Еще при первой вспышке гнева он направил гонцов в близлежащие деревни. Едва наступает рассвет, как, к ужасу рабочих из Ренкёй, на подмогу Шлиману приходит новых семьдесят человек — число работающих становится опять полным. Курение по-прежнему запрещено, но Шлиман по собственной воле увеличивает поденную плату и вдобавок, помимо обычных перерывов, разрешает в первой половине дня еще полчаса свободно курить.
В этот вечер закончились первые семнадцать дней нового раскопочного сезона. За это время, по расчетам инженера, было вынуто восемь тысяч пятьсот кубометров грунта, то есть по пятьсот кубометров в день и по четыре на одного рабочего. Траншея, прорезавшая холм, достигла уже глубины в пятнадцать метров, но все еще не видно никаких следов материка.
Шлиман думает о сестрах и оставшихся на родине друзьях, которым часто пишет. Как романтически представляют они себе раскопки! Роешь, мол, большую яму и на дне ее находишь чудесное, драгоценное или просто важное Нечто, пишешь об этом книгу и становишься знаменитым человеком, о котором дети и через сотни лет будут узнавать из учебников. Но они жестоко ошибаются! В действительности все иначе: с пяти утра до шести вечера копаешь, копаешь и копаешь — при этом или вообще ничего не находишь (и так не день, а много дней подряд, может быть, даже недели и месяцы!), или находишь совсем не то, что ищешь, и не знаешь, что это означает и как это надо толковать!
Возьмем, к примеру, ту же сову: в течение лета чаще и чаще встречаются черепки и целые сосуды, маленькие каменные и глиняные изваяния, и на всех них изображены большие совьи глаза, замеченные еще в прошлом году. Иногда под чертой, изображающей клюв, видна горизонтальная, похожая на человеческий рот, линия. Но ведь ни у одной совы нет ничего подобного, нет и у местных сов, что тысячами живут в откосах рва и наполняют своими криками всю короткую южную ночь!
Как понимать эти изображения?
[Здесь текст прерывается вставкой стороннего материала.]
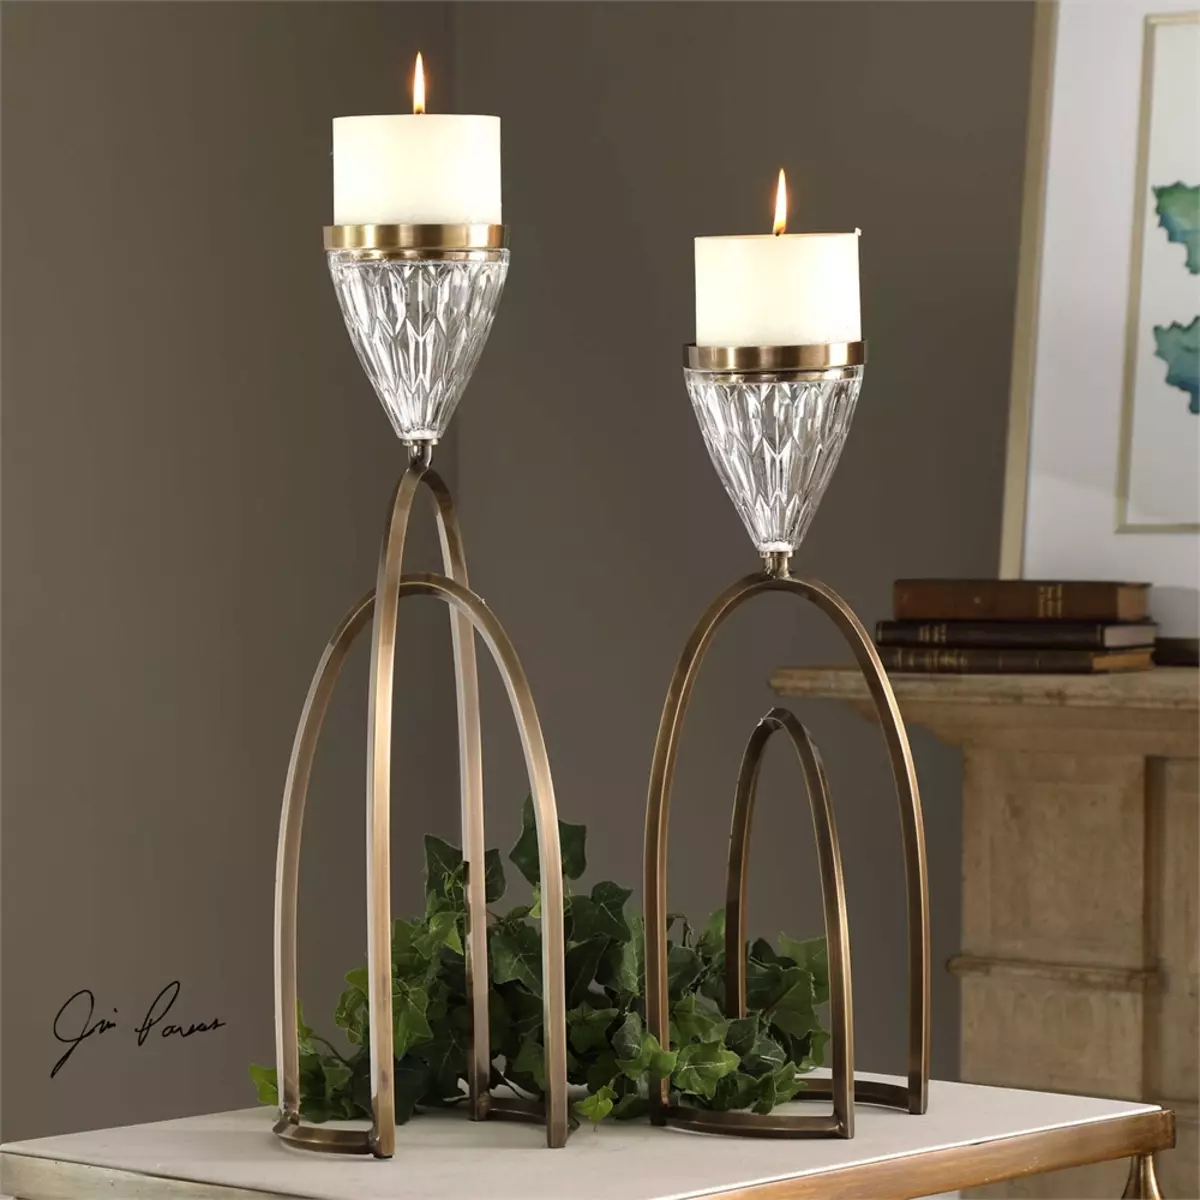 Метални свеќници: метален црн свеќник и злато, една свеќа и 5 свеќи, во форма на елени и други железо декоративни свеќници 13157_2

Медленно созревает мысль: не зовет ли Гомер Афину «глаукопис», что не только наш Иоганн Генрих Фосс, уроженец Анкерсхагена, но и все последующие ученые—переводчики и комментаторы переводят, как «голубоглазая» или «со сверяющими глазами». Не следует ли этот эпитет на основании сотен вещественных доказательств переводить буквально как «совоокая», «совьеглазая» и предположить, что богиня, покровительница Трои, первоначально на самом деле имела совыо голову и что только в дальнейшем сова стала неразлучной спутницей Афины?
Ну хорошо, это еще куда ни шло, но что представляли собой находимые еще в большем количестве маленькие «волчки» или «вулканы»? Постой-ка, вулканы... Может быть, это символ Гефеста, который ведь, по Гомеру, устроил свою божественную кузницу на вулкане?
А что означают эти бесчисленные свастики, которые, как нарочно, особенно часто встречаются на этих злополучных «каруселях»? Что это такое? Бюрнуф, его друг, живущий в Париже, пишет, что свастика — это индусский символ, изображающий деревянные палочки, служившие для получения священного огня. Десятки других книг говорят подобное же и приводят столько цитат из Вед, что голова идет кругом. Но ведь здесь Троя, а не Индия!
Иногда — а это случается не очень редко — опускаются руки н не знаешь, что делать. Недавно, например, нашли разбитую, почти в человеческий рост, вазу, орнамент которой выглядел совсем как вавилонская клинопись. Или другая урна с таким же точно орнаментом из цветов, как на зеленого камня фризе, который в 1810 году лорд Эльджин выломал из сокровищницы Микен и привез в Британский музей. Или другие орнаменты, указывающие на Вавилон или Египет.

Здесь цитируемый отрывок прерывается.